**DATA FOR ANALYSIS**
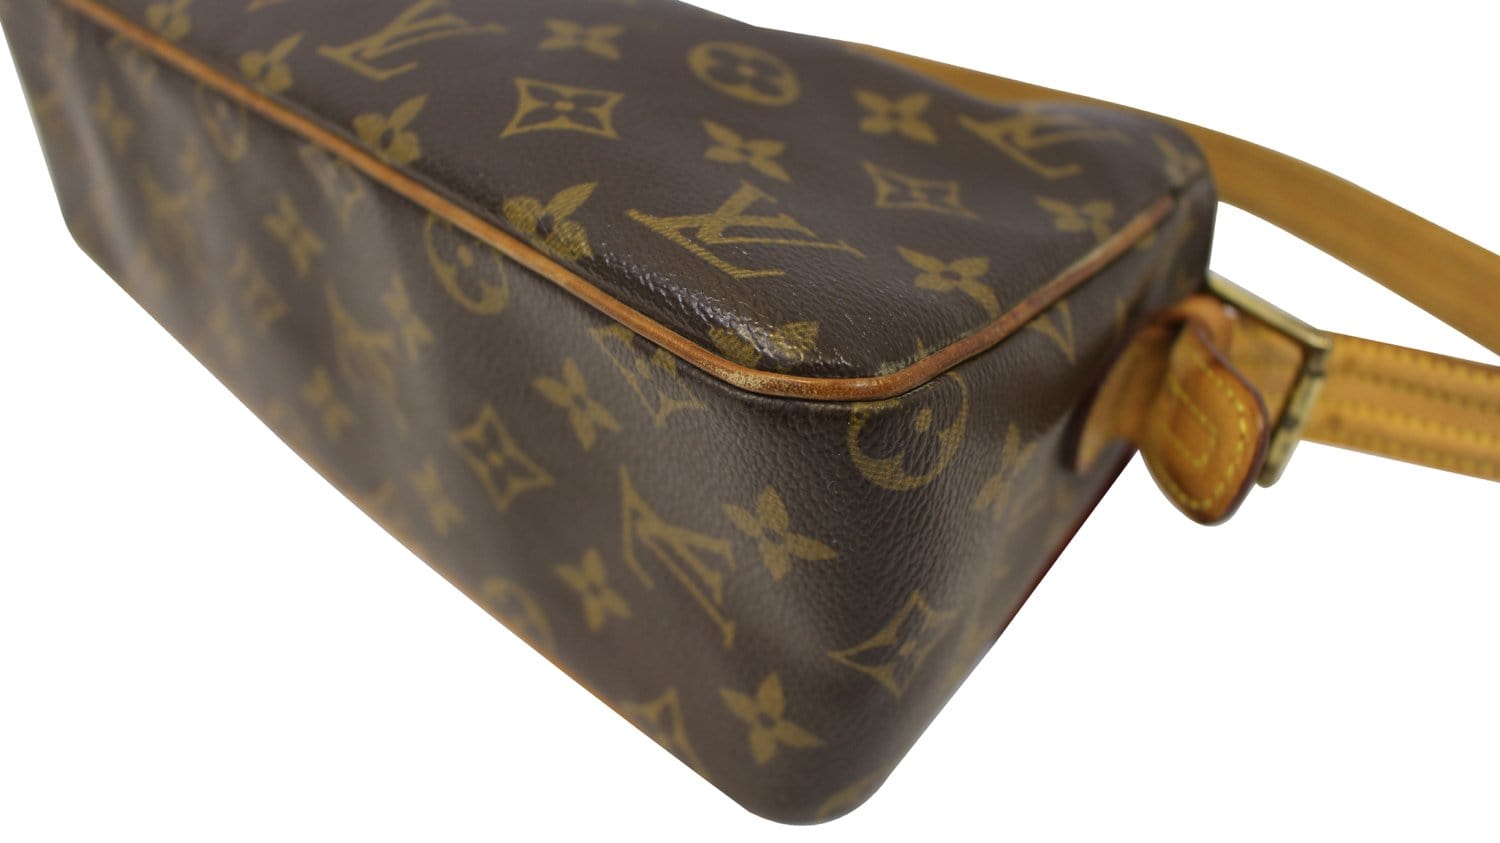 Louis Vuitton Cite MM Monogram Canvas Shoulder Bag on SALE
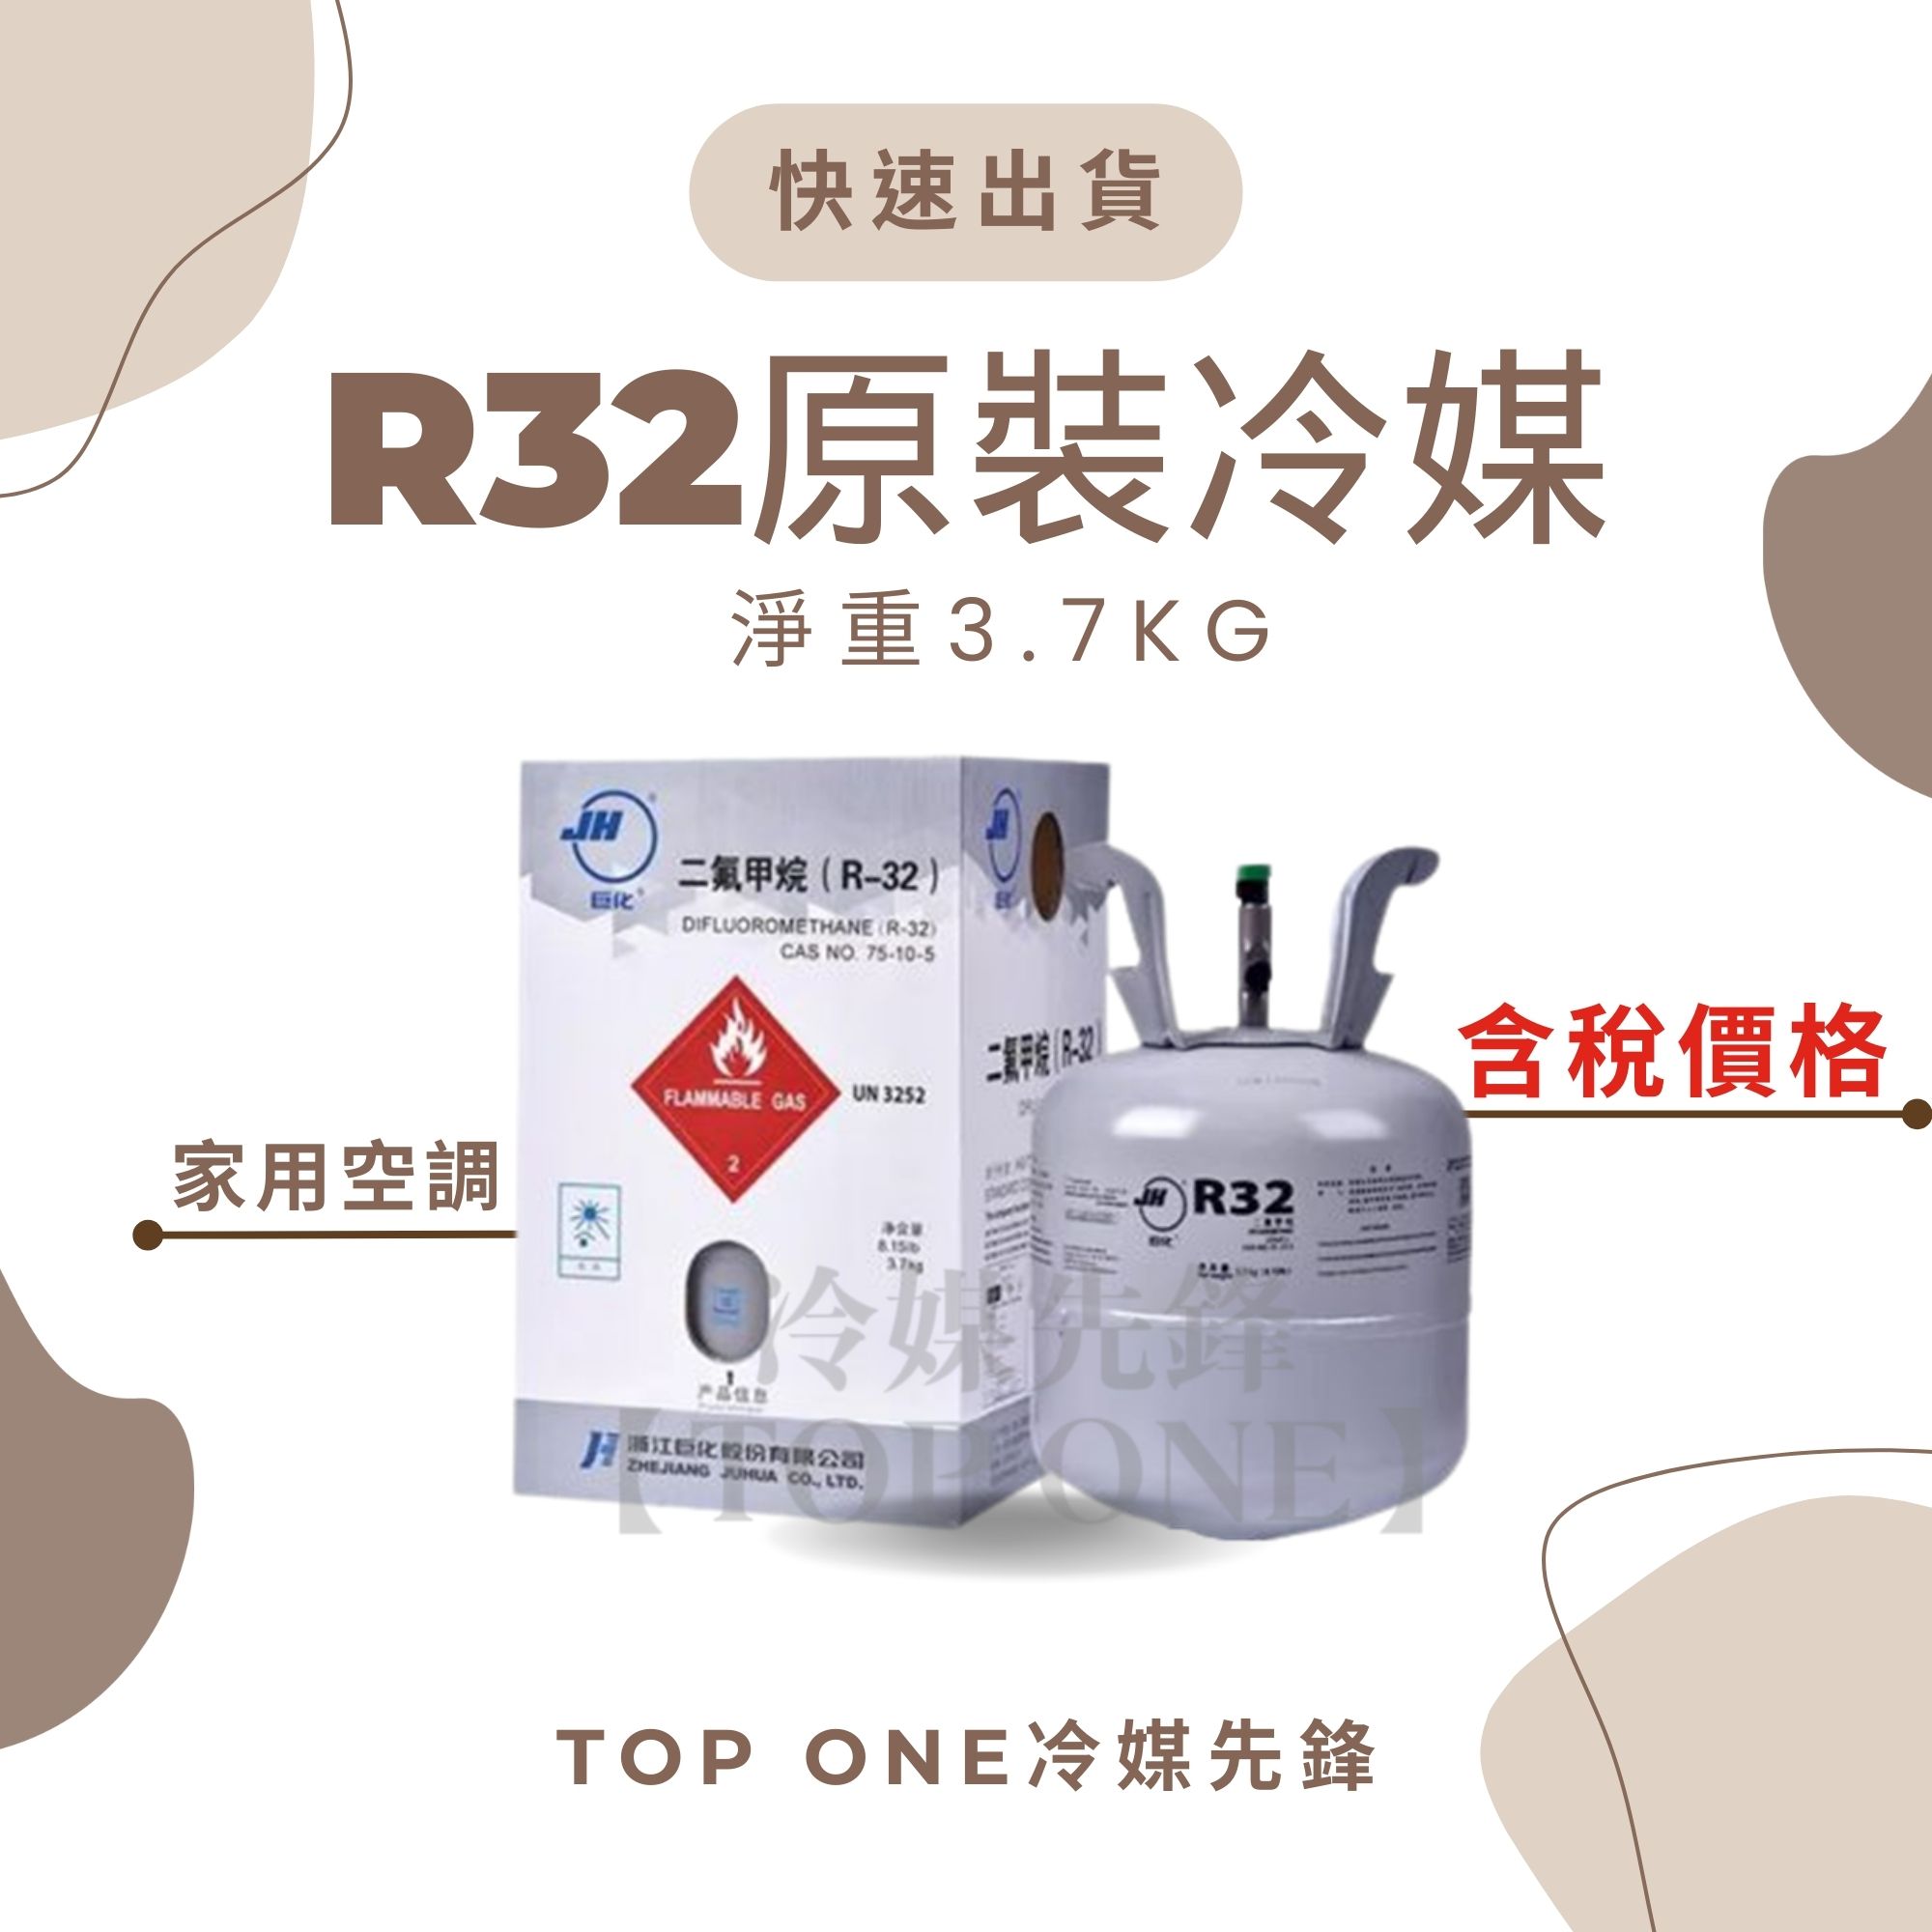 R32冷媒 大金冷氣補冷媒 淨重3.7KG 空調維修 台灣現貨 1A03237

...

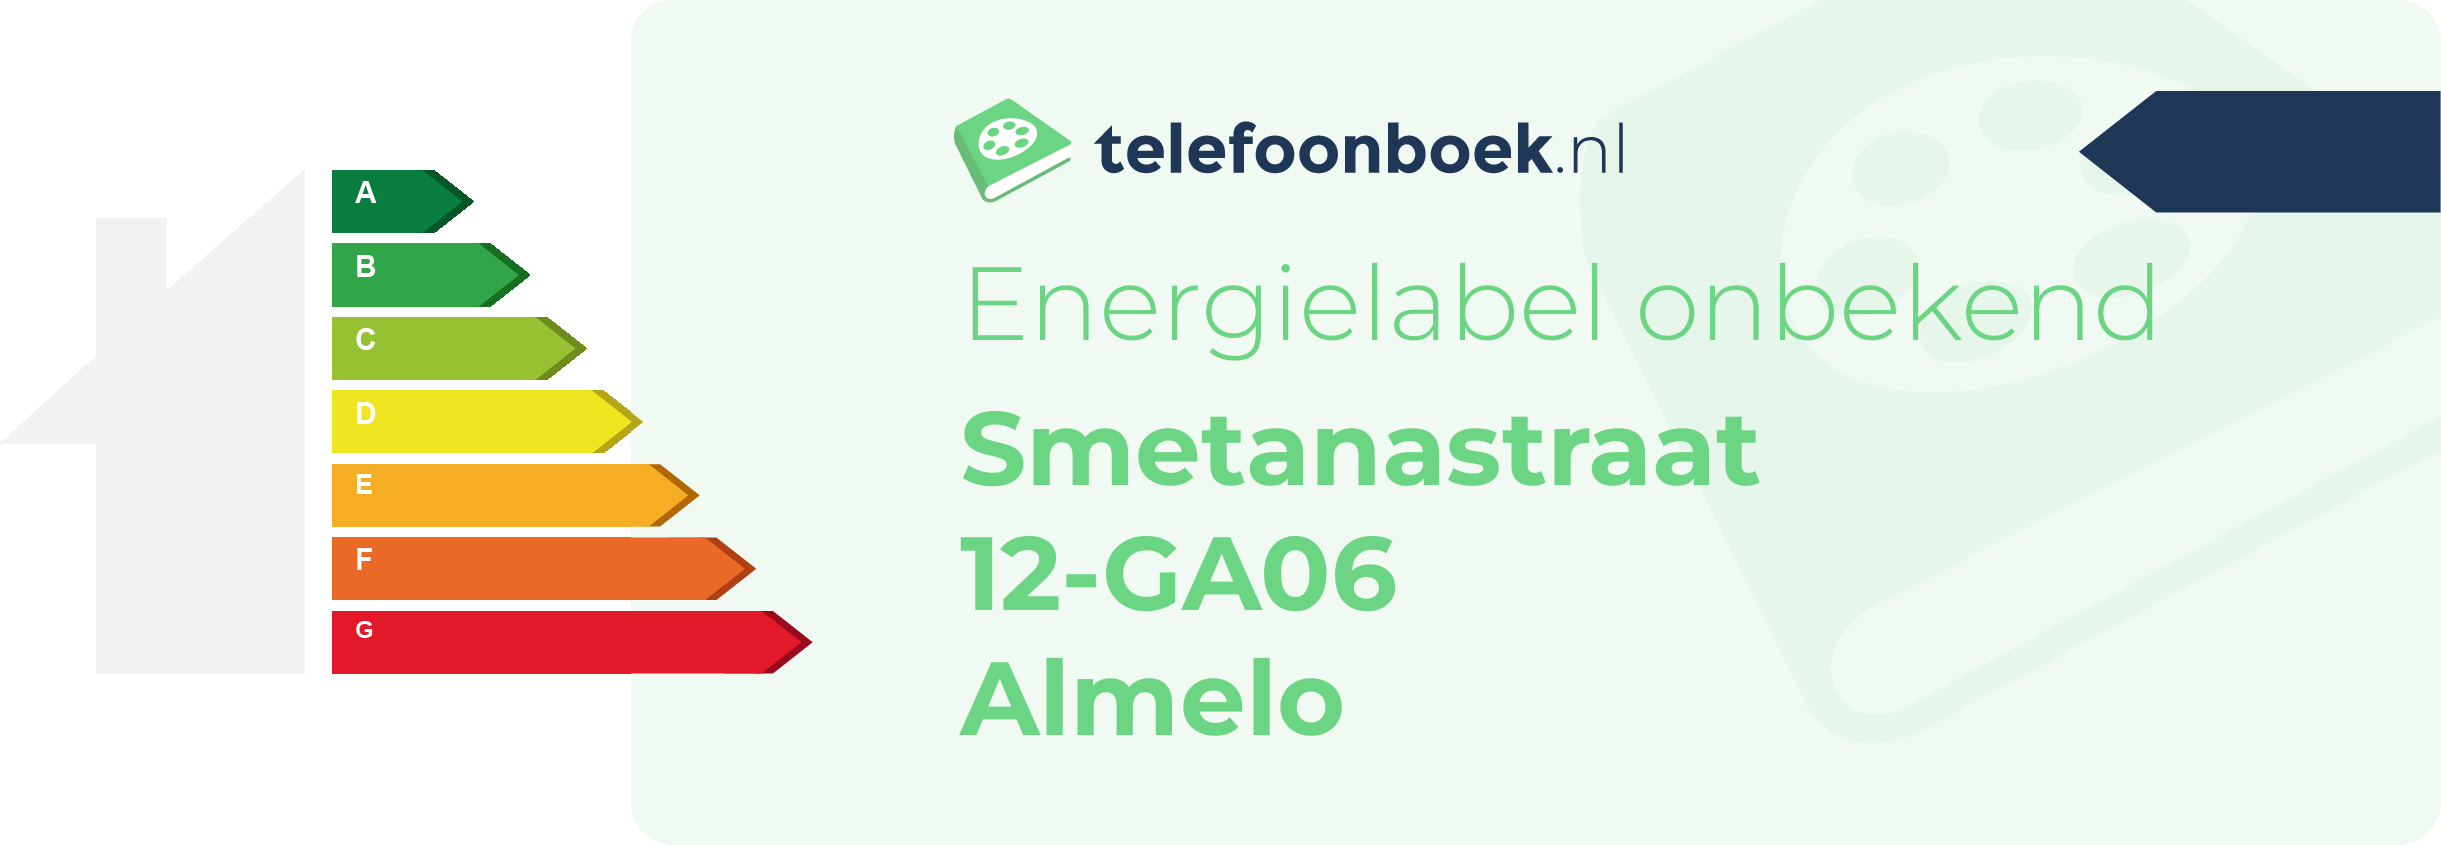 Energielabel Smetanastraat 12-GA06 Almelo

**ABOUT THIS TASK**
An exact copy is needed. It runs from the line above containing "Louis Vuitton Cite" down to the line containing "R32冷媒 大金冷氣補冷媒 淨重3.7KG 空調維修 台灣現貨 1A03237", both included, with no pictures.

**WRITTEN RESPONSE**
 Louis Vuitton Cite MM Monogram Canvas Shoulder Bag on SALE
 R32冷媒 大金冷氣補冷媒 淨重3.7KG 空調維修 台灣現貨 1A03237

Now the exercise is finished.